I doubt many people from -general would actually be able to provide such info since the spirit of that list is to find work-arounds for problems and questions at user level rather than dig into the details on how something actually works.
It's worth adding to the documentation, with that exact example BTW:
(I can try submitting a docs PR if you think it's a good idea).
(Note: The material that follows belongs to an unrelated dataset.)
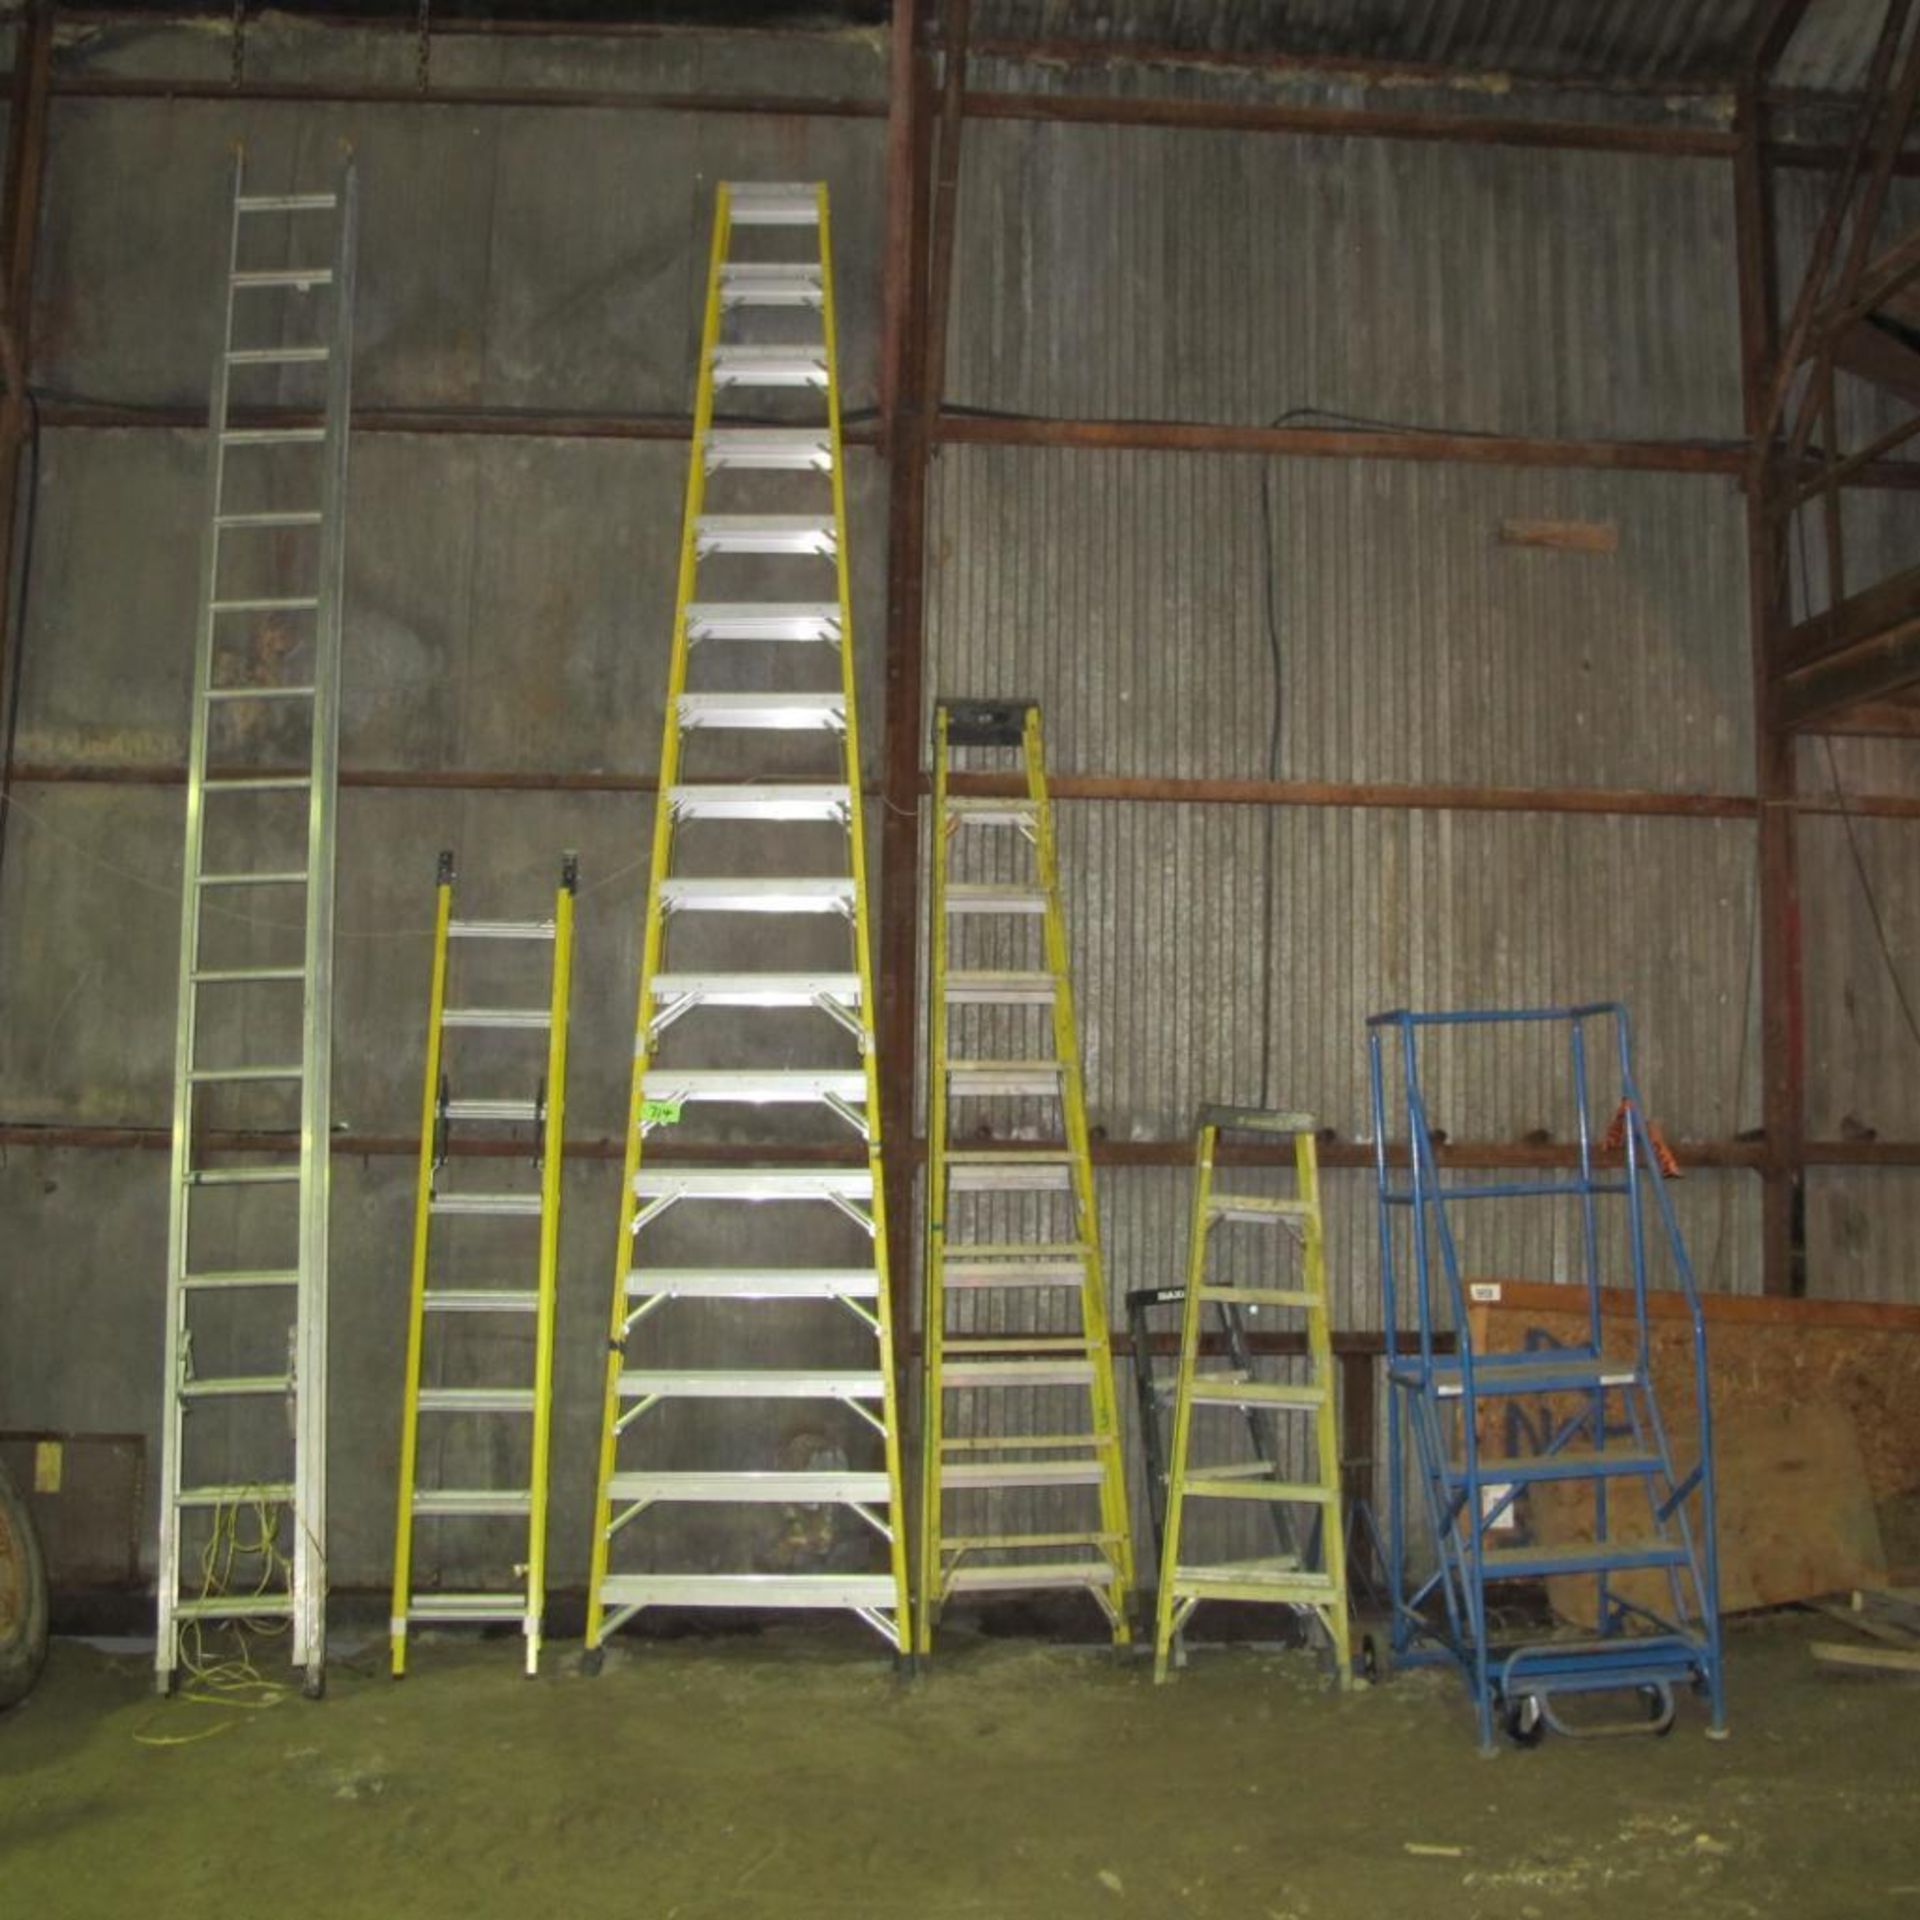 LOT OF 7 LADDERS, 16', 32' EXTENSION, 16' EXREURION, 10', 2 - 6', 4') AND CANWAY 4 STEP WAREHOUSE ST
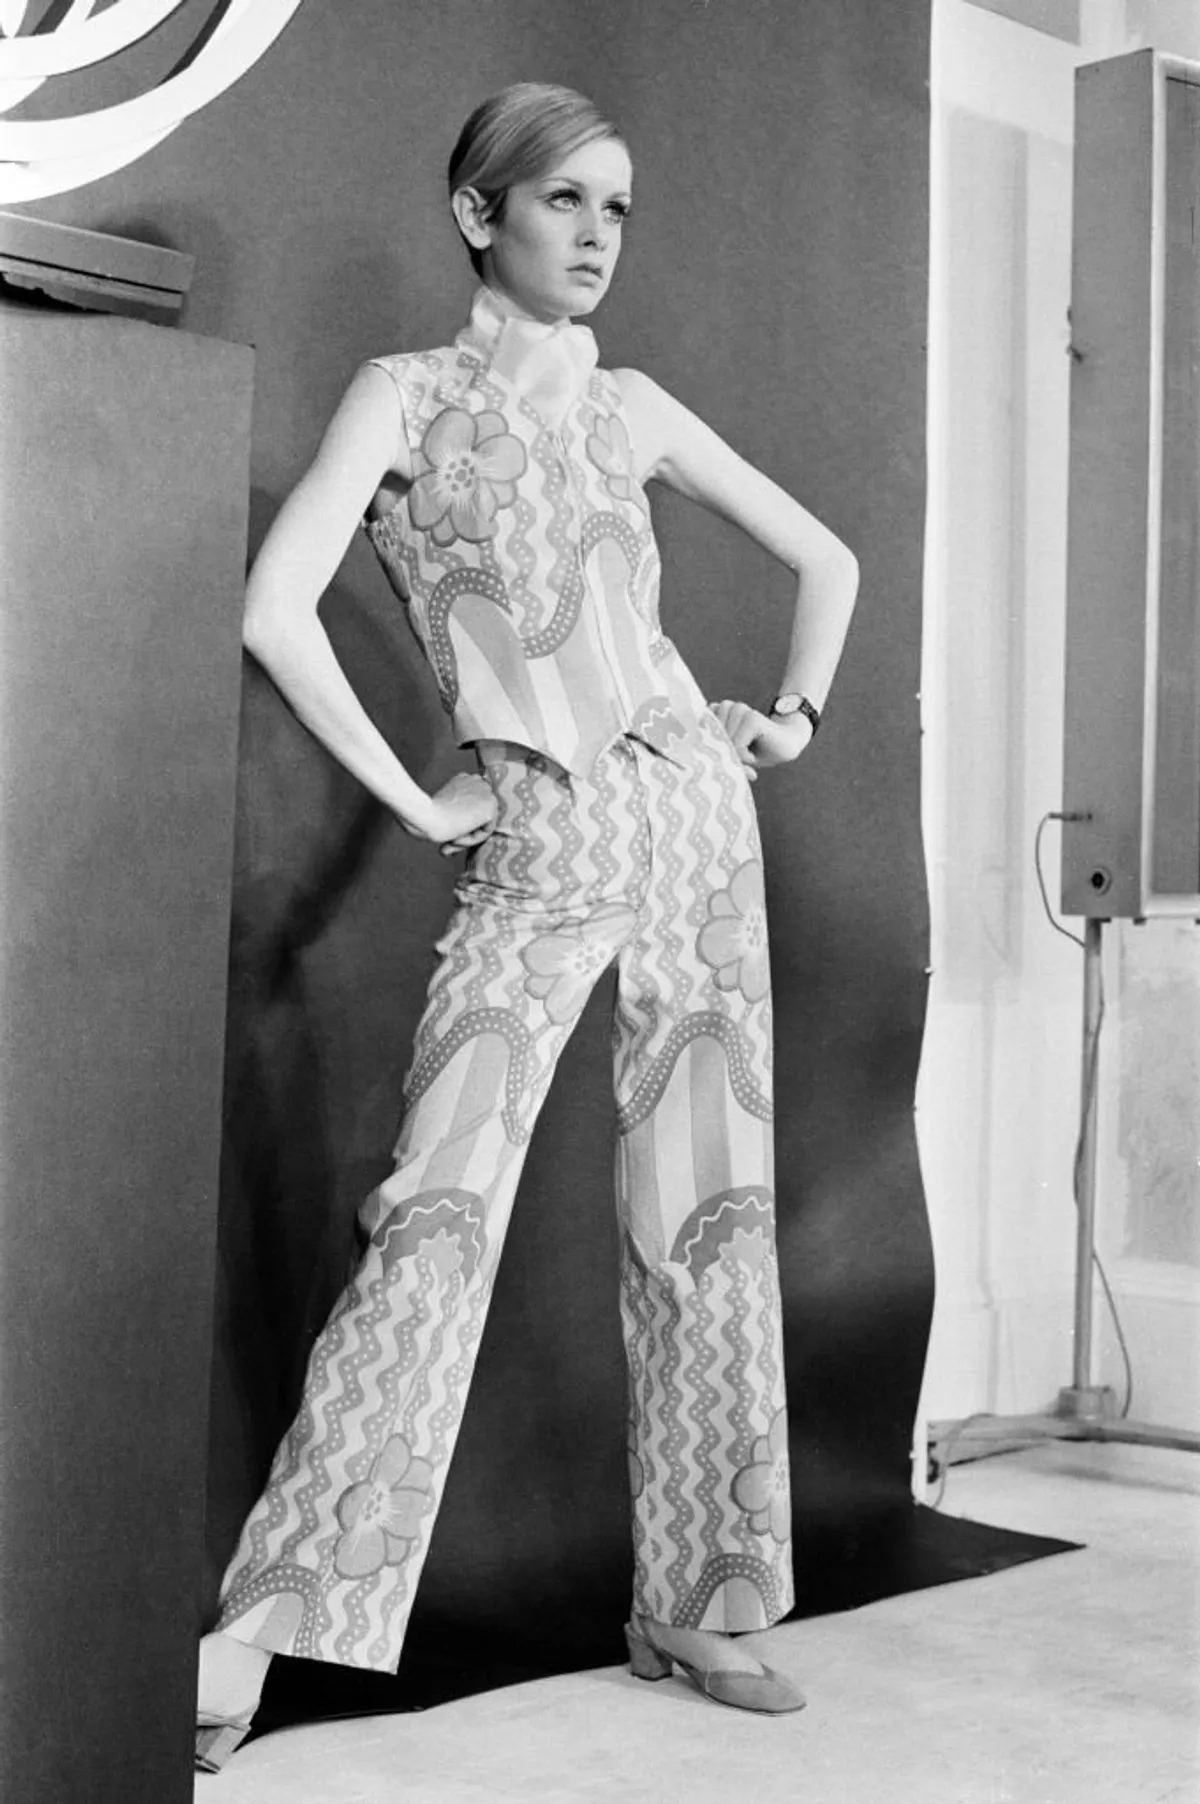 Twiggy's photoshoot as she launches new collection, The Twiggy Look Collection, London, February 16, 1967. | Photo: Getty Images

Also, when I said that we use PQexec, I did it just for an illustration: in practice we use the node-postgres JS library which sends multi-statement protocol messages. So - transaction wise - it works the same way as PQexec with multiple queries, but it returns responses for ALL queries in the batch, not just for the last one (very convenient BTW, saves on network round-trip latency). This mode is fully supported by PG wire protocol: https://www.postgresql.org/docs/current/protocol-flow.html#PROTOCOL-FLOW-MULTI-STATEMENT
On Wed, Aug 3, 2022 at 12:32 AM Kyotaro Horiguchi <horikyota.ntt@gmail.com> wrote:
<snip>
=# select pg_current_wal_insert_lsn();
pg_current_wal_insert_lsn
---------------------------
0/68E5038
(1 row)
=# insert into t values(0)\; select pg_current_wal_lsn();
INSERT 0 1
pg_current_wal_lsn
--------------------
0/68E5038
(1 row)
=# select pg_current_wal_insert_lsn();
pg_current_wal_insert_lsn
---------------------------
0/68E50A0
(1 row)
<snip>
=# select pg_current_wal_insert_lsn();
pg_current_wal_insert_lsn
---------------------------
0/68E75C8
(1 row)
=# begin\;insert into t values(0)\;commit\; select pg_current_wal_lsn();
pg_current_wal_lsn
--------------------
0/68E7958